Pittsburgh Researchers Link Mentoring Teens To Fewer Risky Behaviors
Data from a recent University of Pittsburgh study show that adult support both reduces violence and increases positive behaviors among teen boys in low-income urban neighborhoods.
While the researchers acknowledge that there is a lot of literature to support the positive impact a caring adult can have in the lives of young men, the team wanted to focus on teen boys from lower-resourced urban areas.
“What we were really interested in with this particular study was looking at patterns of violence with a lot more detail than what had been done in previous research … so we could best understand how to leverage those relationships to protect young men from multiple types of violence,” said Alison Culyba, an assistant professor of pediatrics at the University of Pittsburgh.

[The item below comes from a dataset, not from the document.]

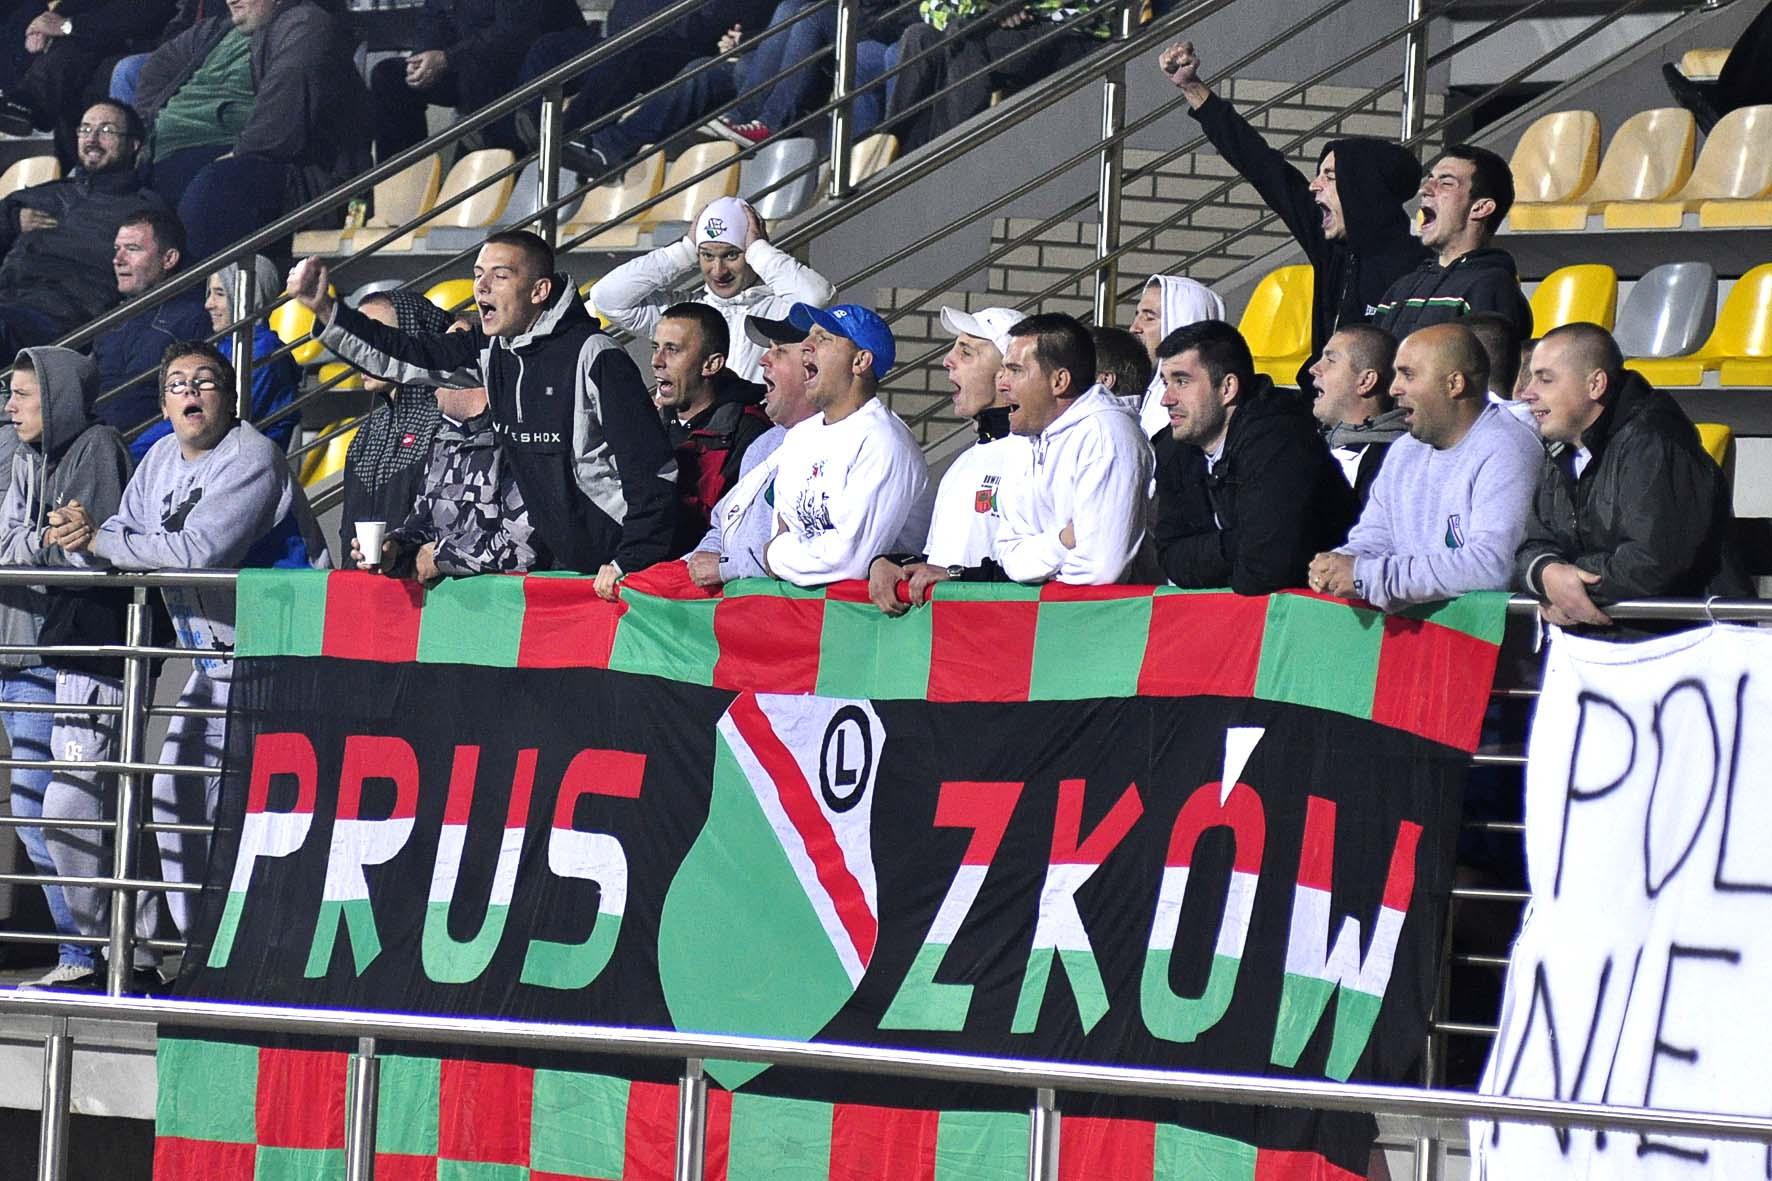 kibice z Pruszkowa wyszli w II połowie gry ze stadionu Znicza - kibiców Radomiaka nie wpuszczono na mecz fot. S W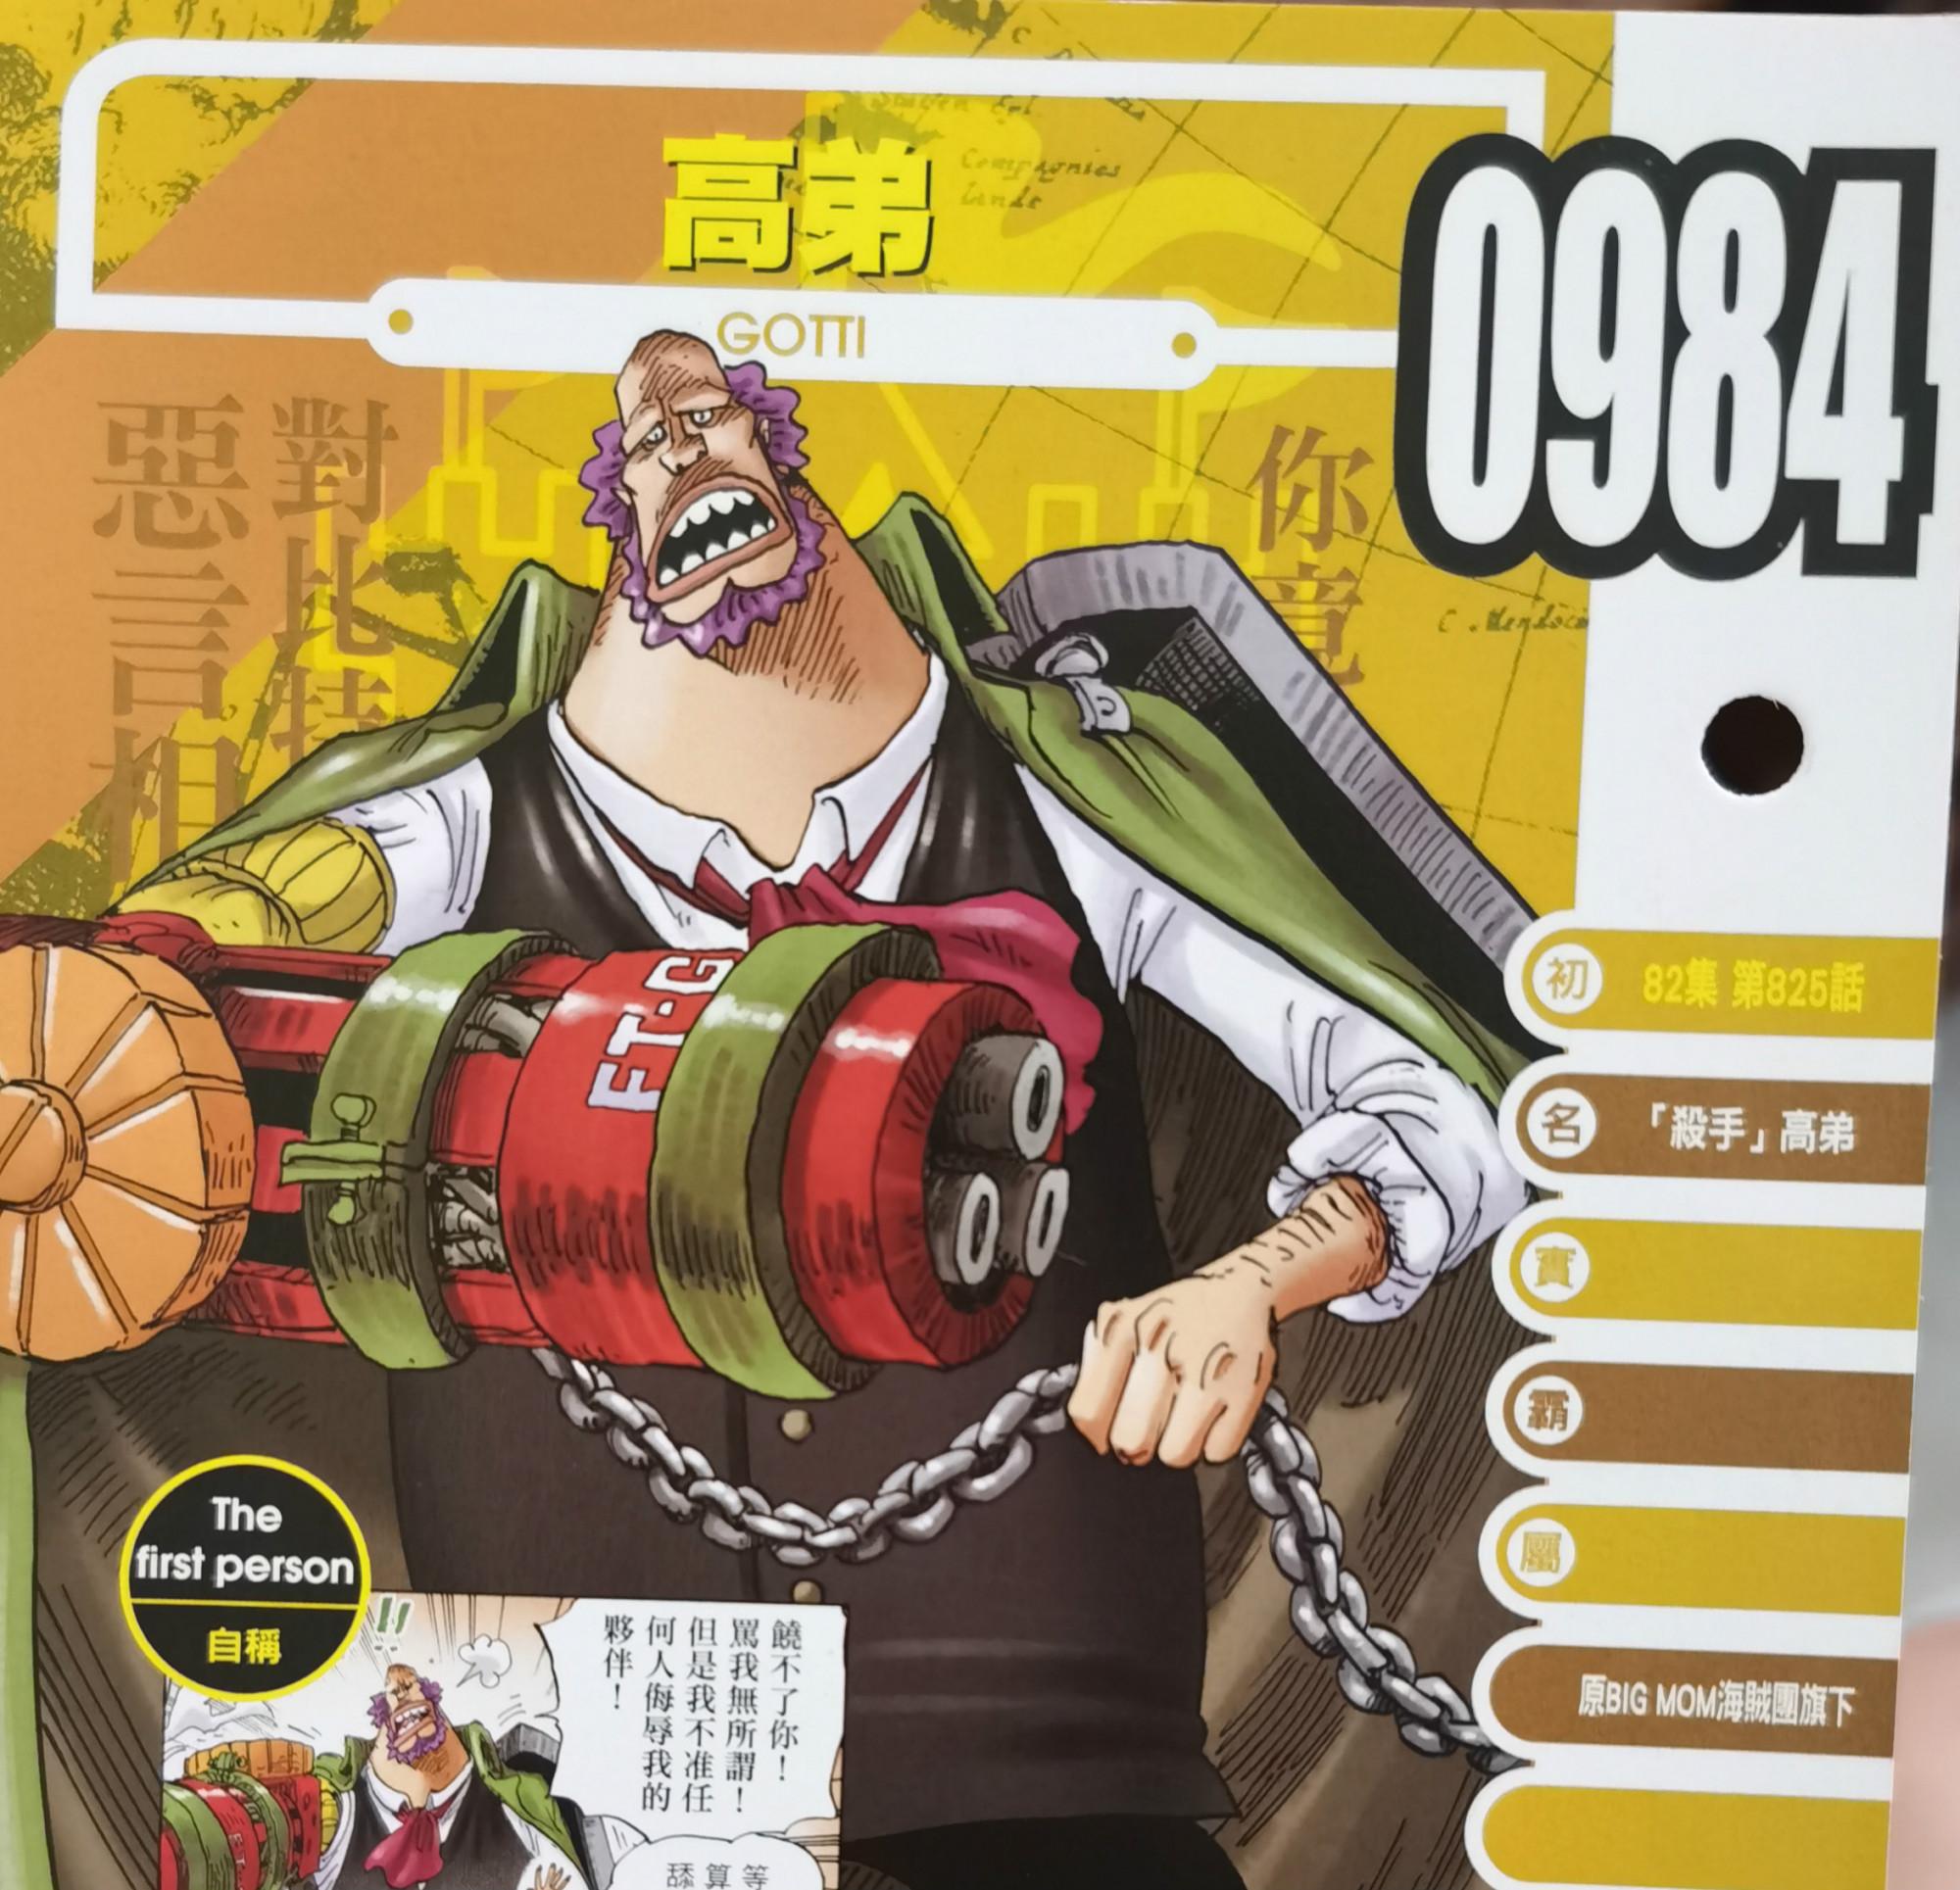 海賊王生命卡:貝基的左右手懸賞金沒1億貝裡,實力和智商卻很高

More than three quarters of the 866 participants in the anonymous survey identified as African American, from 20 Pittsburgh neighborhoods. The survey asked teens to identify if they perpetrated or were the victim of more than 50 violent behaviors including bullying, sexual violence, and gang involvement.
According to the data, youth who reported having high social support engaged in significantly fewer risk behaviors.
Understanding that pattern, according to Culyba, could help those who design programs to think comprehensively to design programs to prevent multiple forms of violence with one program. Often those programs focus on one type of violence like bullying or fighting.
“But our study and other studies show how different forms of violence are really closely linked. By understanding these detailed links between different forms of violence we can better design prevention programs that are broadly protective across multiple forms of violence,” Culyba said.